Owned since 2008 by Richard Baker, the American real estate magnate, Hudson’s Bay was stuck with a worthless structure that — designated a heritage building in 2019, against the company’s wishes — it could not tear down, but for which it was required to keep paying taxes.
But then the Southern Chiefs’ Organization approached Hudson’s Bay with an offer to take over the building and make it into a center for Indigenous life, said the organization’s head, Grand Chief Jerry Daniels.
“It’s quite appropriate, because it’s Indigenous people who really built Hudson’s Bay,” Mr. Daniels said. “And that’s the story that needs to be told, that we really built this country.”
But others were more critical of the deal and the motivation behind it.
“The fact that the Hudson’s Bay company exploited our community, took all the resources and money they could from our community, and then left this monstrosity of a problem in the downtown core, just abandoned it — it’s colonialism personified,’’ said Niigaan Sinclair, an assistant professor of native studies at the University of Manitoba who is a member of the Anishinaabe First Nations.

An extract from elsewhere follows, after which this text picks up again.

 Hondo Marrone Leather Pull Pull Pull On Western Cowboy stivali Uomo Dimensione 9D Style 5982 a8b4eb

Inseparable from the European colonization of Canada, Hudson’s Bay was founded in 1670 to exploit the fur trade in Rupert’s Land, a territory equal to about a third of Canada today.

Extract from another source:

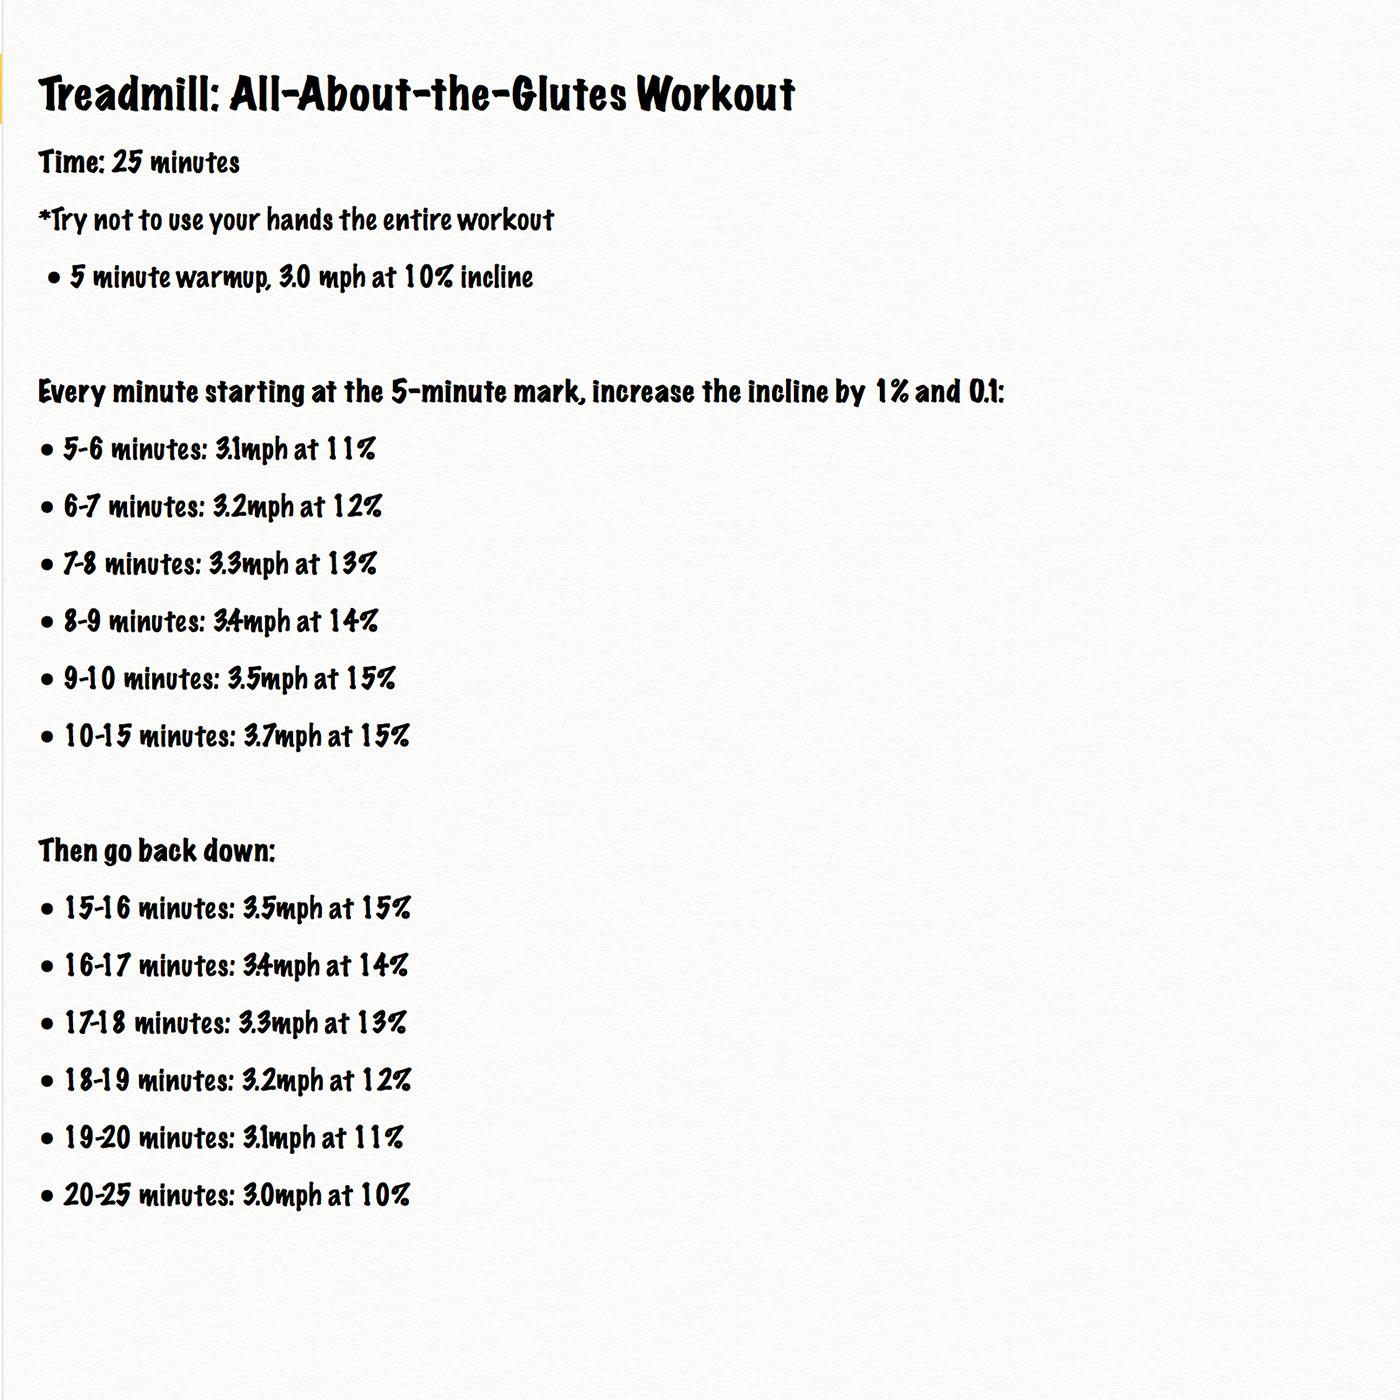 treadmillglutesworkout

King Charles II had claimed the territory as England’s and given it to his cousin Prince Rupert, who became the company’s first head, or “governor.” Hudson’s Bay enjoyed exclusive rights to exploit and colonize the territory until the land was sold in 1870 to the newly created country of Canada.

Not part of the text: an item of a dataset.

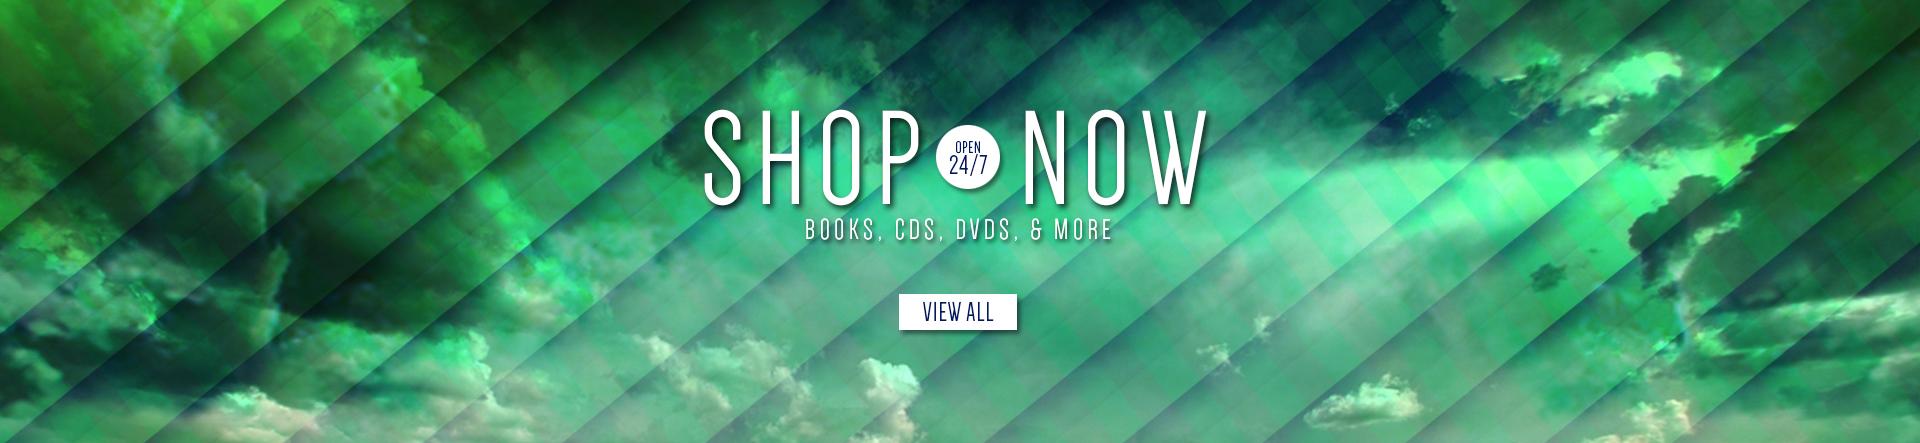 shop-online-graphic1

With trading posts in remote parts of Canada, Hudson’s Bay relied on Indigenous trappers for the beaver pelts and other natural resources that made up the company’s business, but many Indigenous say their ancestors were insufficiently compensated.
Without the Indigenous, the company would have never flourished, relying as it did on Indigenous knowledge of their ancestral lands and existing relations among different Indigenous communities.
“Hudson’s Bay Company’s wealth was rooted in Indigenous lands, Indigenous labor, Indigenous knowledge and Indigenous governance,’’ said Adele Perry, a professor and expert on colonialism at the University of Manitoba.
In recent years, Ms. Perry said, Canada has been forced to “recognize that the core of Canada as an entity is a colonial project.’’
Mr. Daniels said his organization had secured 110 million Canadian dollars from government sources, including loans, grants and tax breaks, and was seeking funding for the remainder. He also said that he hoped that Hudson’s Bay would offer assistance.
Hudson’s Bay’s 39th “governor,” Mr. Baker, declined an interview request for this article, instead emailing a statement. “The Southern Chiefs’ Organization fully owns and operates the building, with oversight and control of all aspects of its future development,” he said, adding that the company supported the Indigenous organization’s vision for the building.
But there is deep skepticism in Winnipeg that its makeover can be completed without significantly more financial backing. Beside the University of Winnipeg, both the provincial utility, Manitoba Hydro, and the Winnipeg Art Gallery had also rejected, as too costly, taking over the building.
Hudson’s Bay jumped at the chance to get rid of a building “that was worth nothing in the first place,” and the government is not supporting the building’s costly conversion “with enough money to actually do it right,” said Wins Bridgman, a Winnipeg-based architect who has worked with Indigenous groups, including the Southern Chiefs.
“Then we wonder why it somehow doesn’t work,” he said.
“Beware of what people give you and why they give it to you.”